The goal of a recount is to ensure that the voters' intentions were properly recorded and the right person won. That's why we pull out the punch cards and review them for hanging chads, or check optically scanned ballots for stray marks.

But nothing remotely that sensible occured in Washington State, Ohio, or anywhere else that voters used paperless touchscreen machines. Instead, we saw what could accurately be described as a "reprint." Voting officials either fed the same vote data through the same system a second time, or recounted the machine data by hand or with a spreadsheet -- always reaching the same or roughly the same results. It doesn't take a computer genius to recognize that this method of "recounting" is simply a means of replicating any error in vote data that may have existed the first time the votes were tallied.

So how do we perform a legitimate recount using touchscreen machines? The first and most obvious answer is to add paper. With a voter-verified paper ballot, a basic "audit" is part of the process. The voter can see on paper whether the machine has correctly recorded his or her vote, and election officials can check the machine count against the voter-checked paper count.

That's the solution mandated by the popular, bipartisan-supported "Holt bill," federal legislation that Representative Rush Holt (D-NJ) will reintroduce this congressional term.

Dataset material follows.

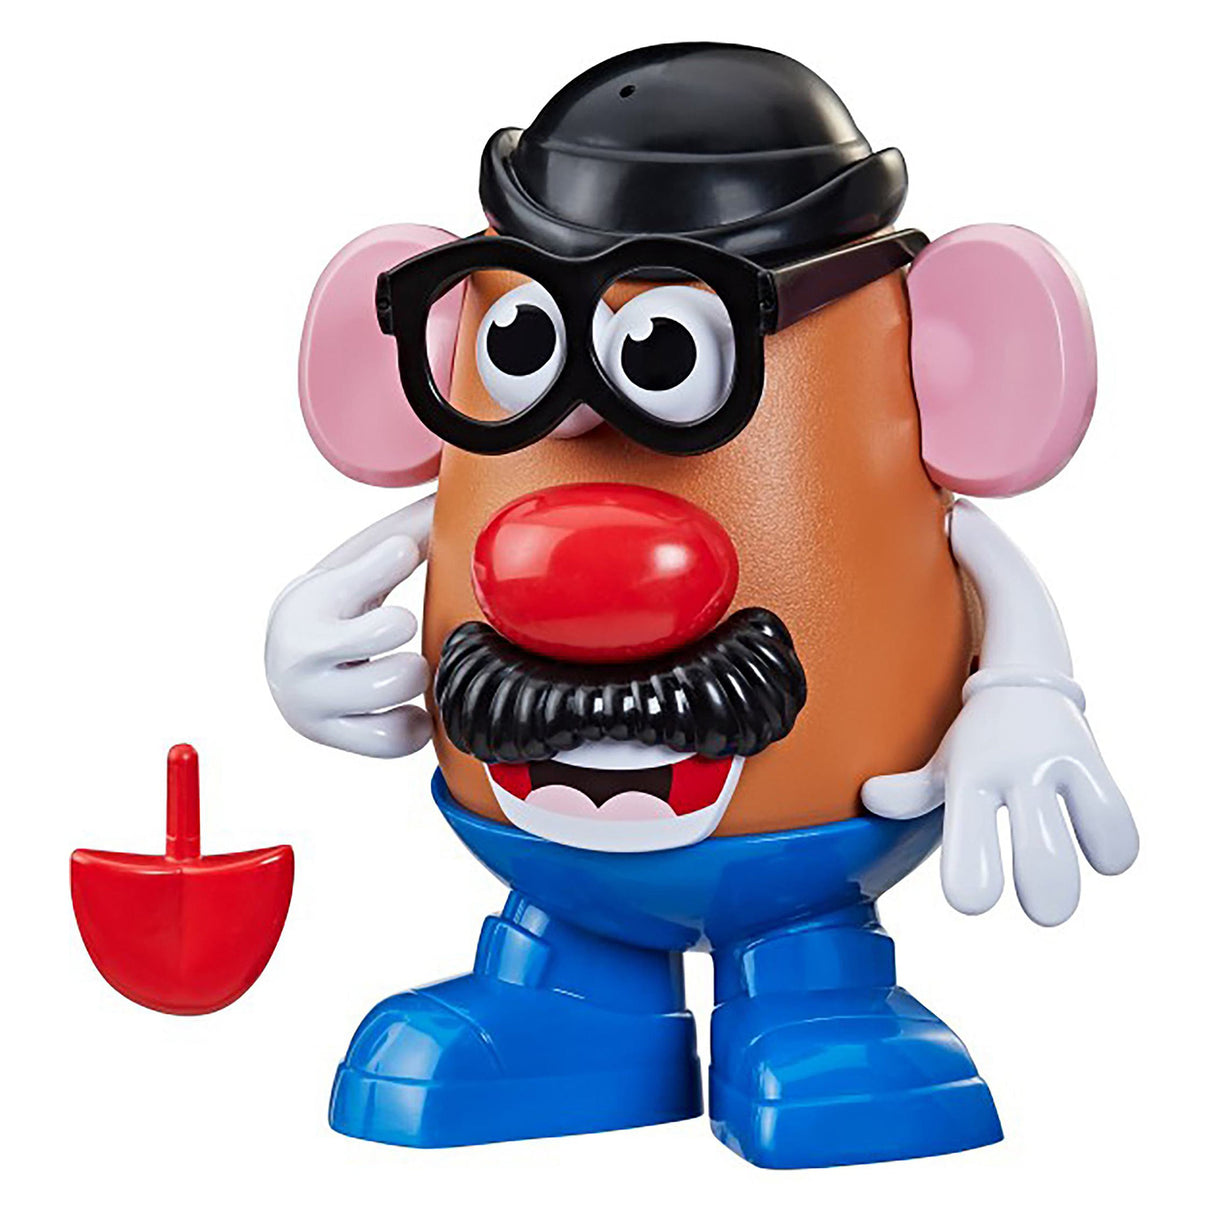 Potato Head - Mr Potato Head Classic

It's already the law in California, New Hampshire, and Alaska, and in the wake of the embarrassing, agonizingly protracted battle over the recount in Ohio, Secretary of State Kenneth Blackwell has prudently chosen to require the safest, most auditable system available: precinct-counted optical-scan machines.

Unfortunately, there remain a number of states and counties that cannot see the writing on the wall. After all, pressing a button to reprint a "recount" would seem to be the clean and easy solution; if the numbers never change, voting officials can simply claim that the first count was correct and call it a day.

Here's the rub: Too many people understand that a reprint is not a recount, and the number will only grow. Even in the absence of a voter-verified paper audit trail, there are steps officials can take to help verify an election, including counting from the redundant memory banks, examining the audit logs, and conducting calibration tests. These are bare-minimum safeguards against machine error and vote-tampering, and should be part of the recount process even for machines with paper trails.

When Congress passed the Help America Vote Act (HAVA) after the Florida recount debacle, most of us imagined that new electronic voting machines would make the voting process easier. What we didn't anticipate was that some e-voting vendors would make it "easier" by removing the ability to do an accurate recount -- the design equivalent of a CEO making an audit "easier" by eliminating the accounting department. In this election, voting officials who purchased these rush-to-market machines were forced into the thankless position of making ad hoc decisions about how to properly reconstruct the election -- and sadly, most of them made the wrong choices. A prime example is the situation in Alameda County, California, where local officials ultimately refused to do anything but press the reprint button -- and now face a costly court challenge of that decision.

It doesn't have to be this way. The Election Assistance Commission (EAC) has just begun to formulate its work plan for 2005. It could step in to develop clear and sensible guidelines for what consitutes a true recount using paperless touchscreen machines. Let's hope it moves swiftly -- before we lose any more elections to substandard machines, needless confusion, and doubt.